A total of 144 cancer indications intended as curative (n = 9) or non-curative (n = 135) treatment options were eligible for an ESMO-MCBS assessment. Solely a minority of the assessed cancer indications met the meaningful clinical benefit (MCB) criteria independent of the applied version of the scale and treatment intention (original: n = 48/144, 33.3% versus adapted: n = 27/144, 18.8%). Comparing the two EMA approval timeframes, a growing number of approved cancer indications could be observed: 2009-2014: n = 9/year versus 2015-2020: n = 14/year. In addition, almost no difference in the proportion of cancer indications that have met the MCB criteria was detectable when comparing the predefined authorisation timeframes (MCB increase original: +4.1% and adapted: +3.9%).
Applying both versions of the ESMO-MCBS can help to identify potentially beneficial cancer indications, but also those with rather uncertain or low clinical benefit and thus, support the fair allocation of limited health care resources.
欧洲肿瘤内科学会(ESMO)开发的临床获益量表(MCBS)可用于标准评估实体瘤药物的临床获益程度。我们将两种 ESMO-MCBS 版本应用于过去 12 年的欧洲癌症药物审批,并比较了两个预先设定的营销授权时间框架,以确定随着时间的推移潜在的评分变化。
纳入了 2009 年 1 月 1 日至 2020 年 10 月 31 日期间,由欧洲药品管理局(EMA)批准的原创实体瘤药物和适应症扩展的研究样本。为了评估这些癌症适应证的临床获益,我们将原始 ESMO-MCBS(版本 1.1)和本地改编的 ESMO-MCBS 版本应用于研究样本。因此,我们比较了两种 ESMO-MCBS 版本,并进行了额外的分析,以确定两个批准时间框架(2009-2014 年与 2015-2020 年)之间潜在的评分差异。

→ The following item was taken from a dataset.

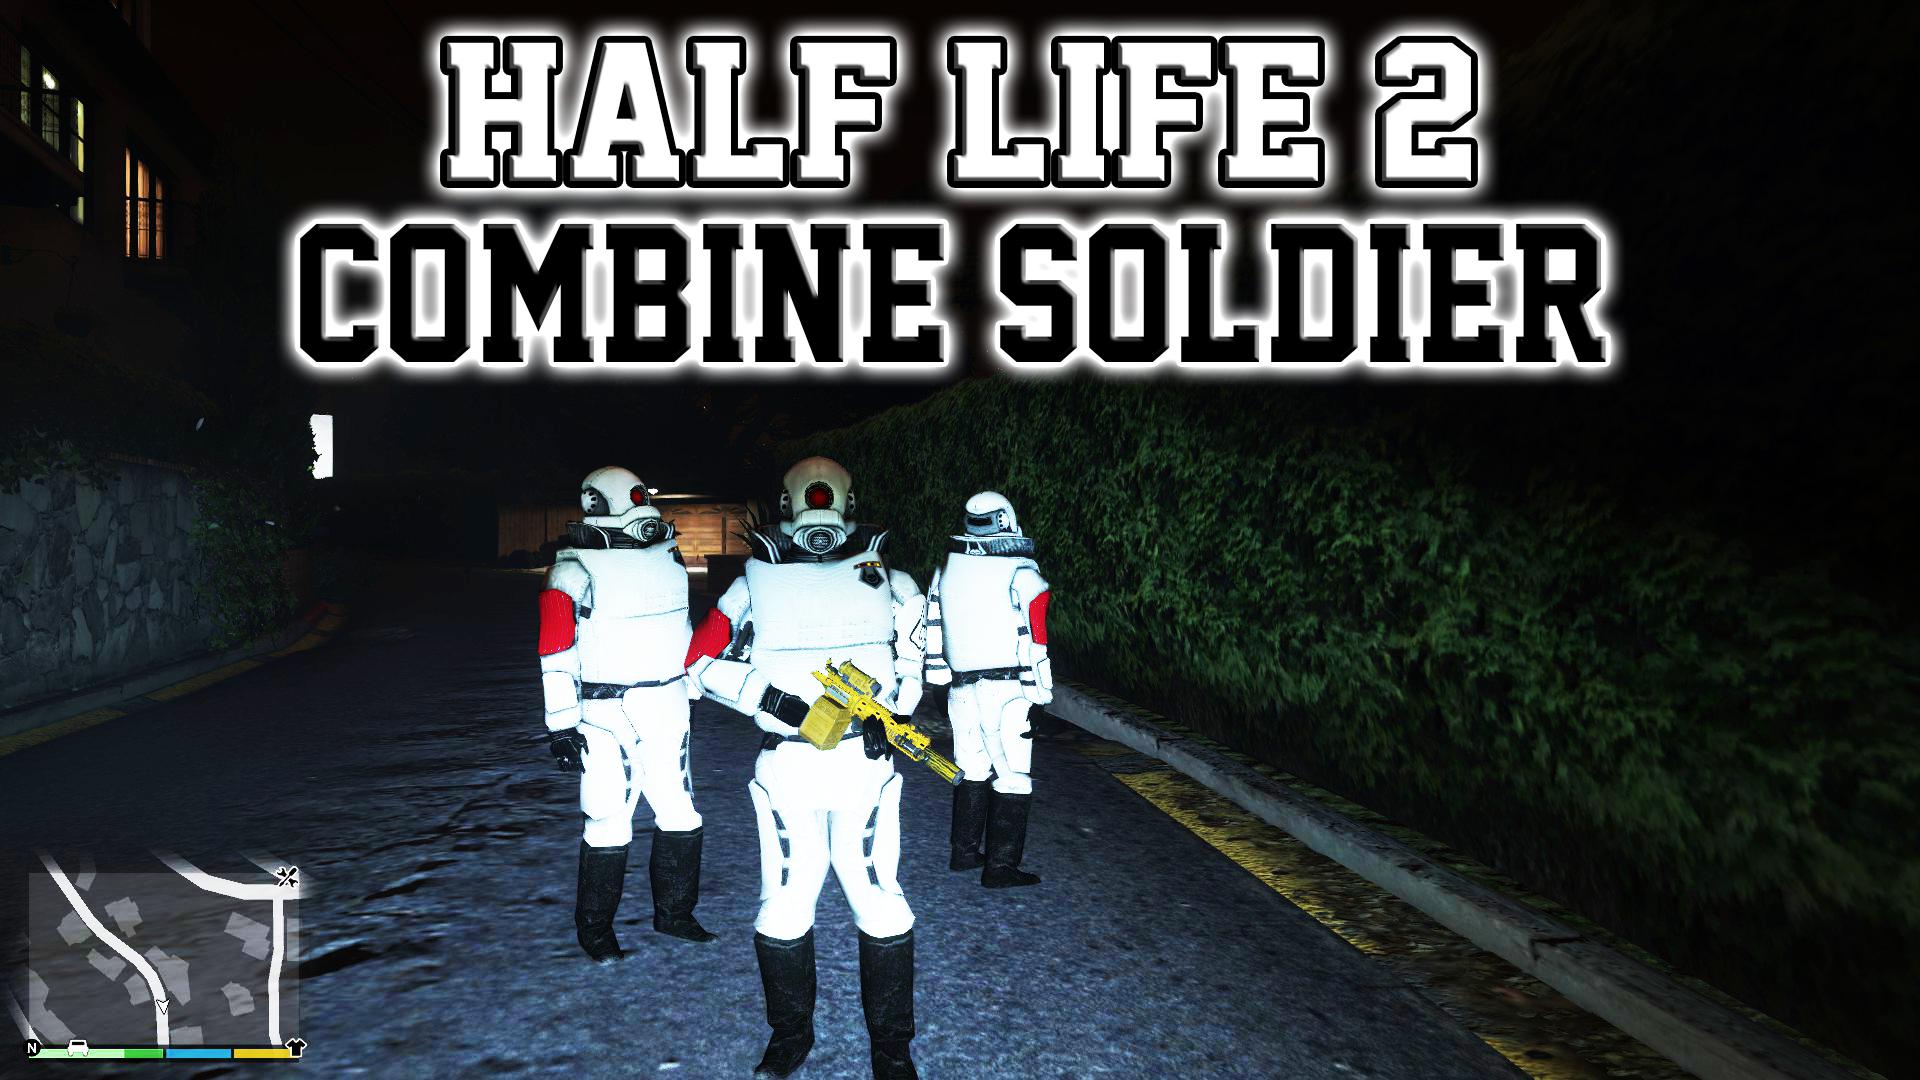 Half Life 2 Combine Elite Soldier Gta5 Mods Com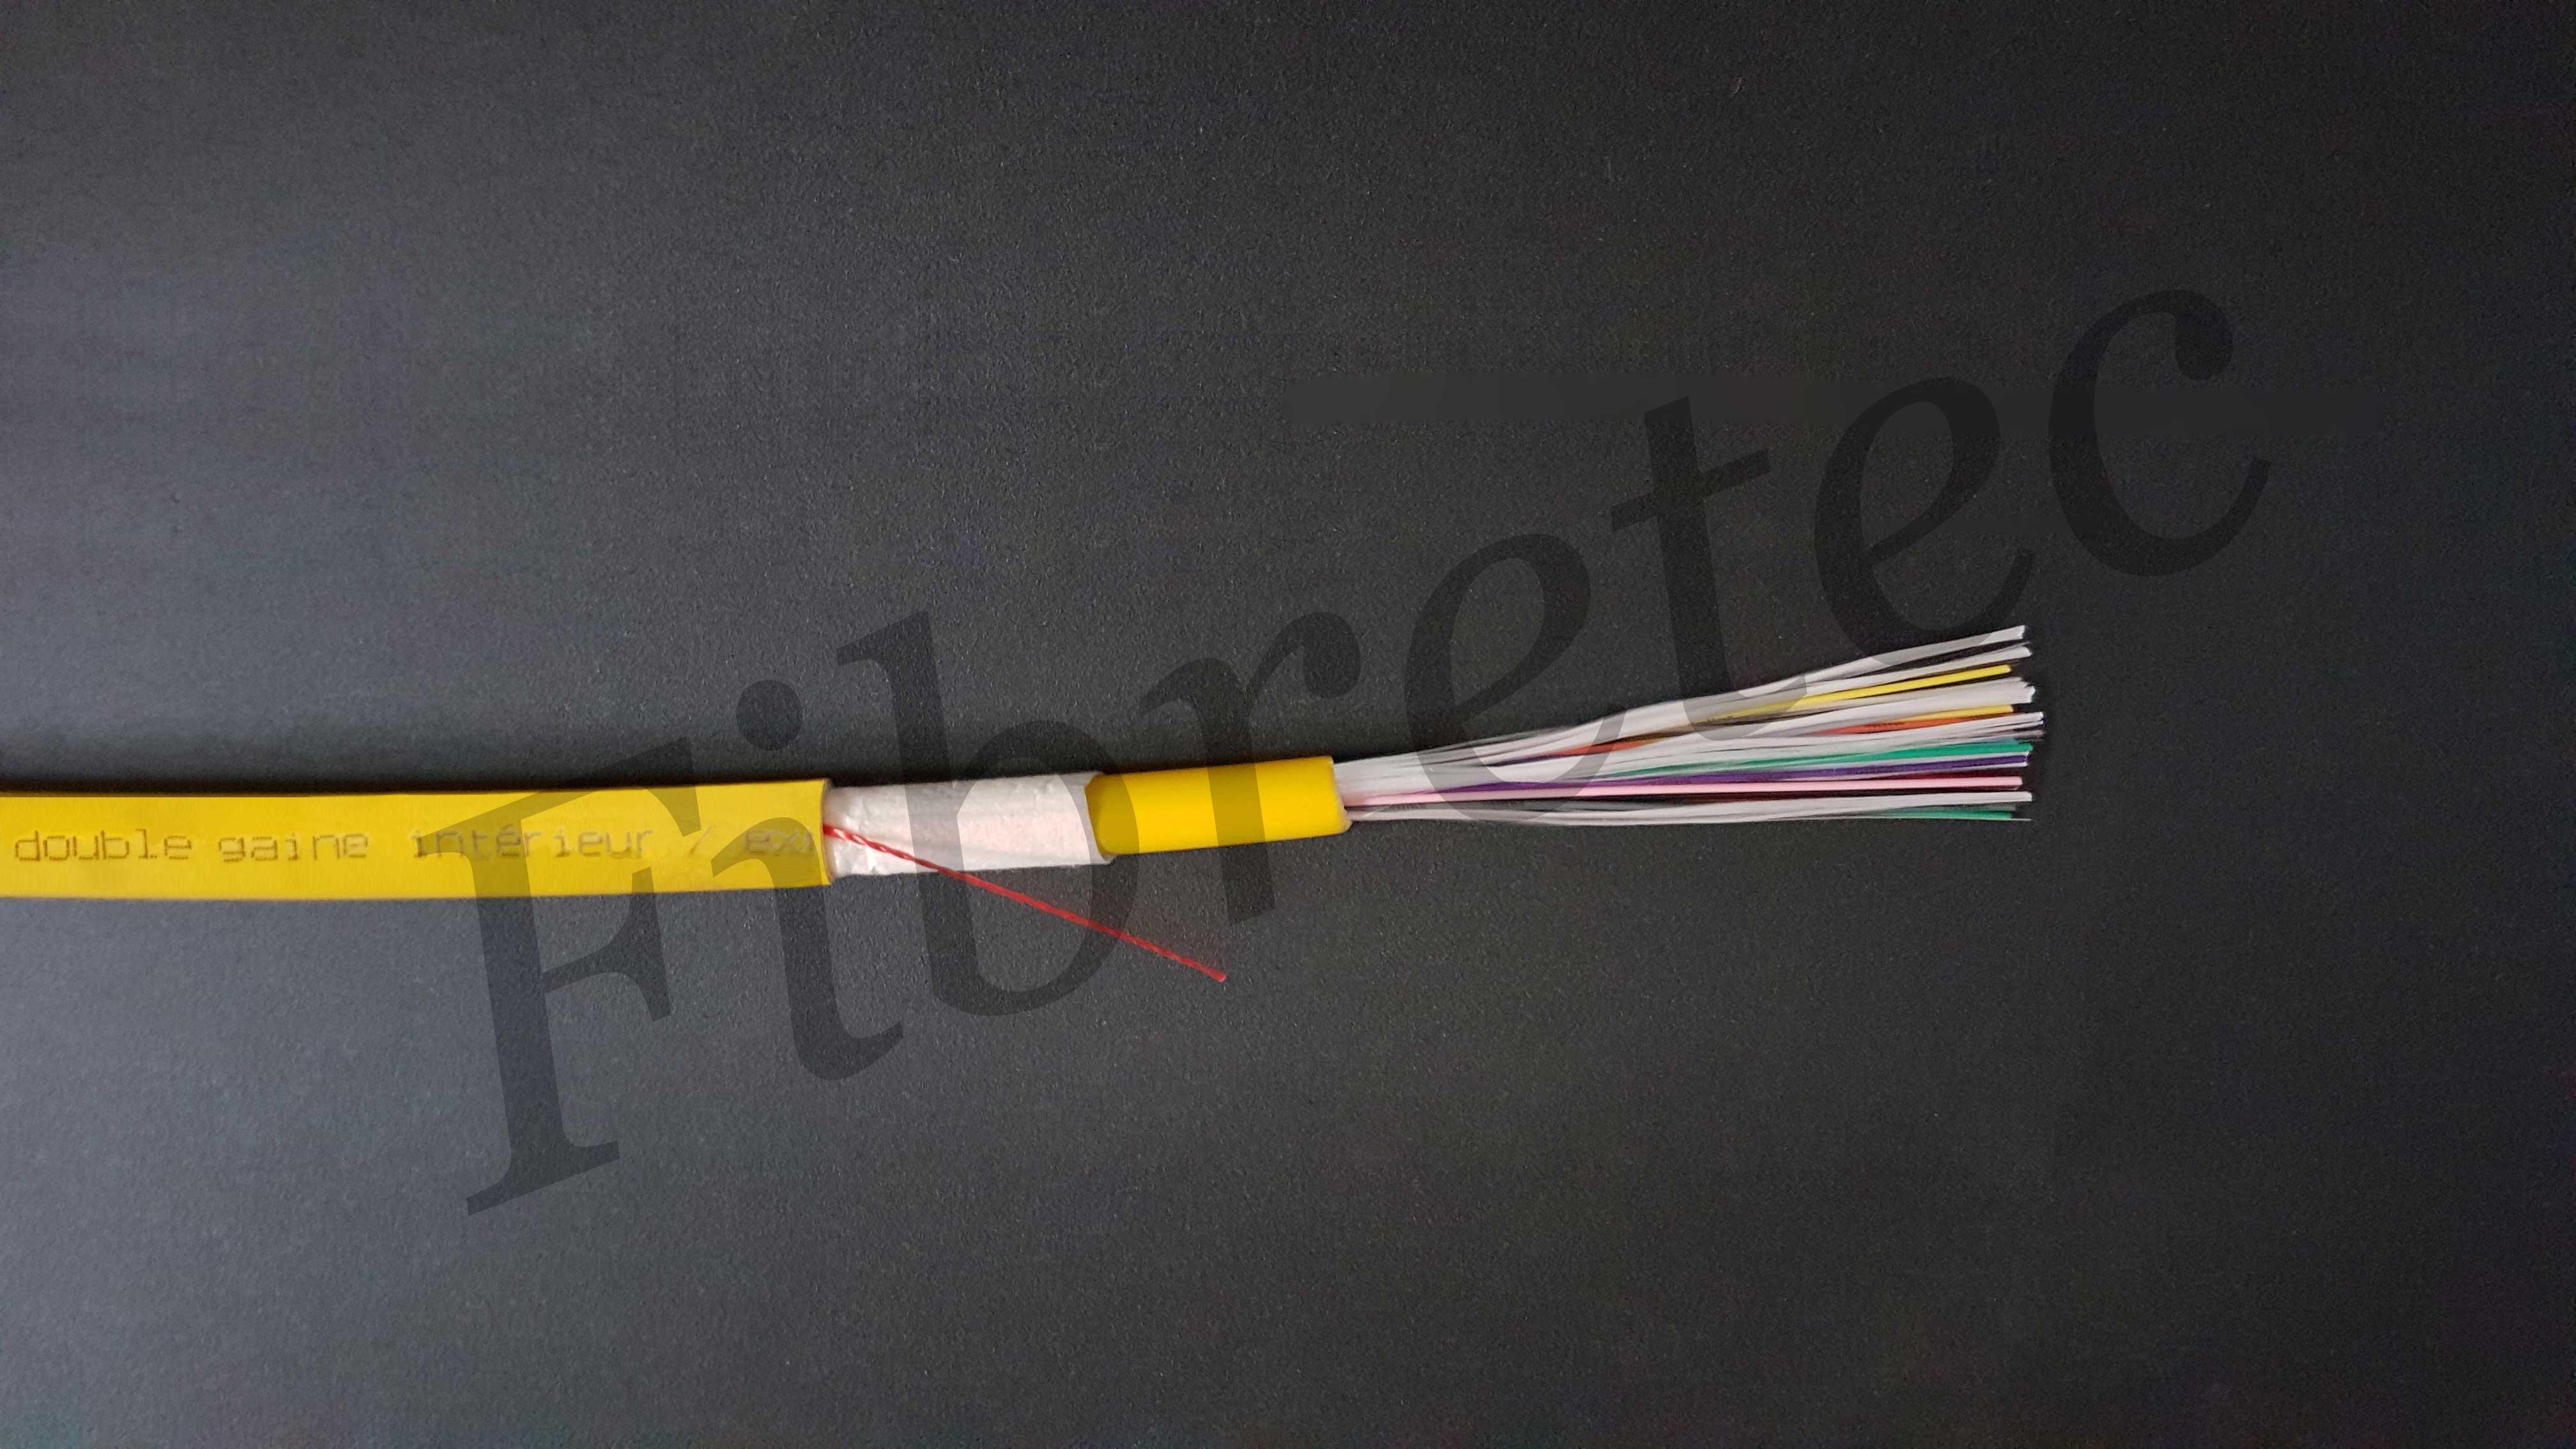 Câble Fiberstar int/ext 24 FO 9/125 G652D gaine LSZH, à structure serrée 900µm

共有 144 种用于治疗(n=9)或非治疗(n=135)的癌症适应证符合 ESMO-MCBS 评估标准。仅少数评估的癌症适应证符合有意义的临床获益(MCB)标准,而与应用的量表版本和治疗意图无关(原始:n=48/144,33.3%与改编:n=27/144,18.8%)。比较两个 EMA 批准时间框架,可观察到批准的癌症适应证数量不断增加:2009-2014 年:n=9/年与 2015-2020 年:n=14/年。此外,当比较预先设定的授权时间框架时,几乎没有检测到符合 MCB 标准的癌症适应证比例有差异(原始:+4.1%和改编:+3.9%)。
应用 ESMO-MCBS 的两个版本可以帮助识别潜在有益的癌症适应证,也可以识别那些临床获益程度不确定或较低的癌症适应证,从而支持公平分配有限的医疗保健资源。